Bug 109762 - [AMDGPU] flip_done timed out when playing Xonotic
Summary: [AMDGPU] flip_done timed out when playing Xonotic
Status: RESOLVED MOVED
Alias: None
Product: DRI
Classification: Unclassified
Component: DRM/AMDgpu (show other bugs)
Version: unspecified
Hardware: x86-64 (AMD64) Linux (All)
: medium normal
Assignee: Default DRI bug account
QA Contact:
URL:
Whiteboard:
Keywords:
Depends on:
Blocks:
 
Reported: 2019-02-24 19:34 UTC by Amadeusz
Modified: 2019-11-19 09:15 UTC (History)
2 users (show)

See Also:
i915 platform:
i915 features:


Attachments
dmesg (75.36 KB, text/plain)
2019-02-24 19:34 UTC, Amadeusz
no flags Details

Description Amadeusz 2019-02-24 19:34:30 UTC
Created attachment 143453 [details]
dmesg

Hi,

I have frequent gpu hangs when playing Xonotic using amdgpu video driver.

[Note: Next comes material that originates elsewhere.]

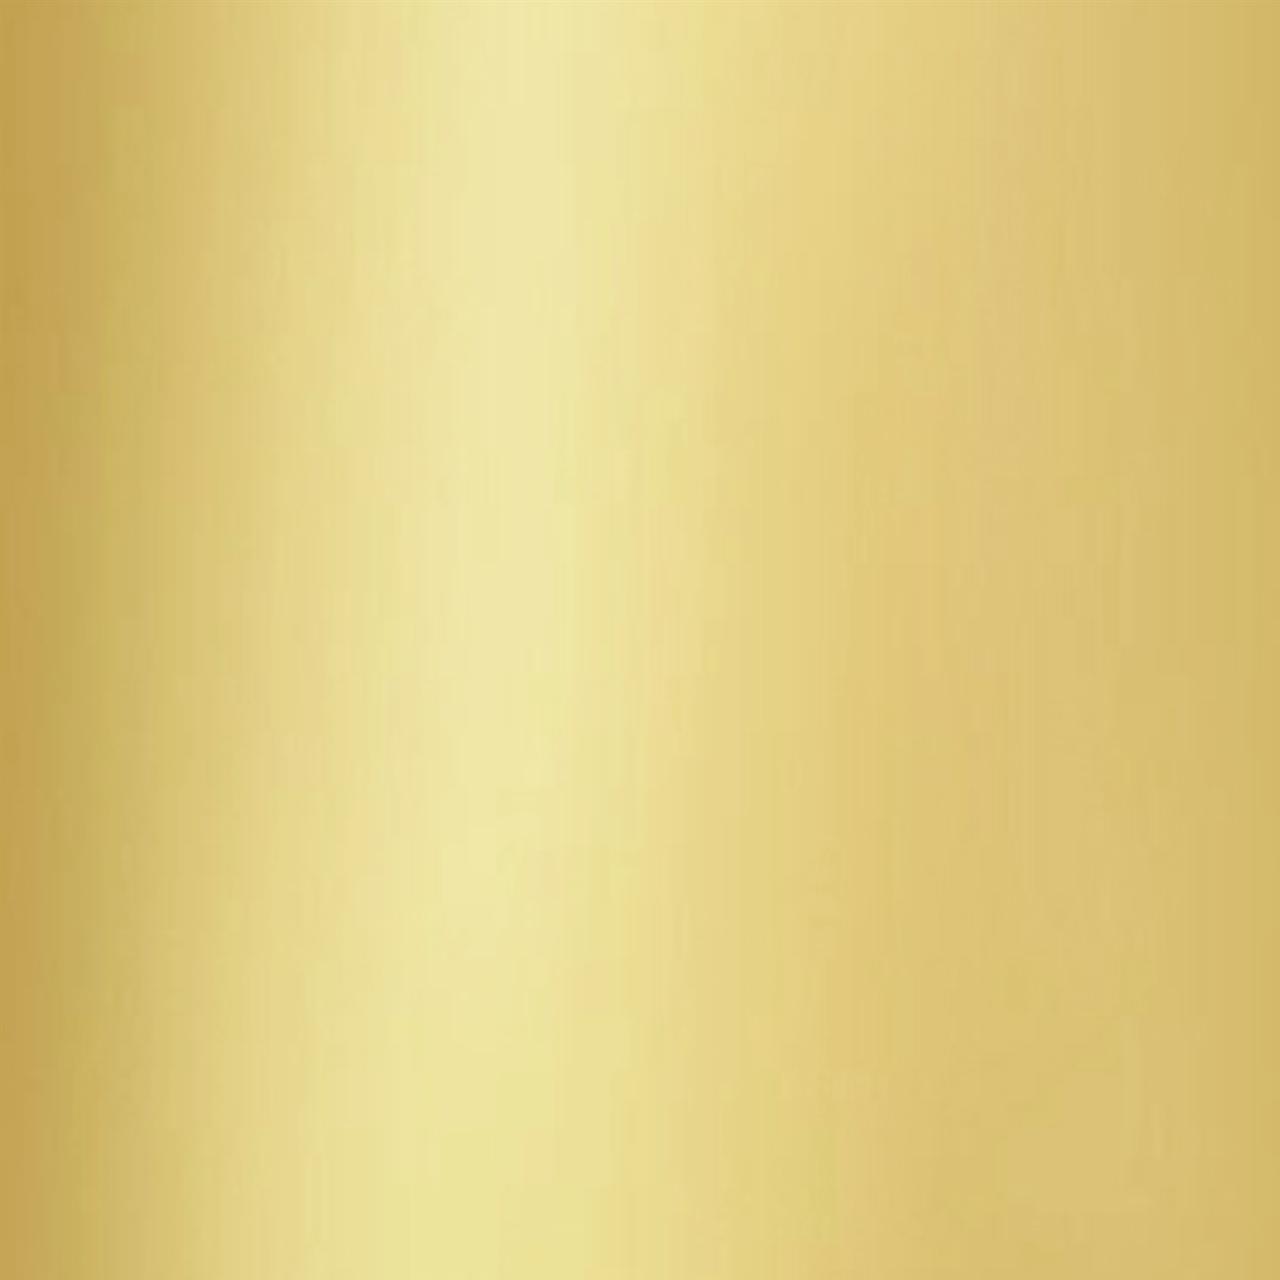 Алюкобонд зеркальное золото 8833 (3мм/28мкм) 1,22мХ2,44м

[ 9330.297589] [drm:drm_atomic_helper_wait_for_dependencies] *ERROR* [CRTC:47:crtc-0] flip_done timed out
[ 9340.537609] [drm:drm_atomic_helper_wait_for_dependencies] *ERROR* [PLANE:45:plane-5] flip_done timed out
[ 9340.537682] [drm:amdgpu_dm_atomic_commit_tail [amdgpu]] *ERROR* amdgpu_dm_commit_planes: acrtc 0, already busy
[ 9340.537762] WARNING: CPU: 1 PID: 3733 at drivers/gpu/drm/amd/amdgpu/../display/amdgpu_dm/amdgpu_dm.c:4860 amdgpu_dm_atomic_commit_tail+0x1349/0x14f0 [amdgpu]

full dmesg attached

# uname -r
5.0.0-rc7+

# emerge mesa -pv

These are the packages that would be merged, in order:

Calculating dependencies... done!
[ebuild   R    ] media-libs/mesa-19.0.0_rc4::gentoo  USE="classic dri3 egl gallium gbm gles2 llvm pic vaapi vdpau wayland -d3d9 -debug -gles1 -lm_sensors -opencl -osmesa -pax_kernel (-selinux) -test -unwind -valgrind -vulkan -xa -xvmc" ABI_X86="32 (64) (-x32)" VIDEO_CARDS="i965 intel radeon radeonsi (-freedreno) -i915 (-imx) -nouveau -r100 -r200 -r300 -r600 (-vc4) -virgl (-vivante) -vmware" 0 KiB

Total: 1 package (1 reinstall), Size of downloads: 0 KiB

# cat /etc/X11/xorg.conf.d/video.conf 
#Section "Device"
#       Identifier "Intel Graphics"
#       Driver "modesetting"
#       #Option "GLXVBlank" "off"
#       Option "AccelMethod" "glamor"
#       Option "DRI" "3"
#EndSection

Section "Device"
        Identifier "AMD"
        Driver "amdgpu"
        Option "GLXVBlank" "off"
        Option "AccelMethod" "glamor"
        Option "DRI" "3"
EndSection

# lspci -vvv -s 01:00.0
01:00.0 VGA compatible controller: Advanced Micro Devices, Inc. [AMD/ATI] Tonga PRO [Radeon R9 285/380] (rev f1) (prog-if 00 [VGA controller])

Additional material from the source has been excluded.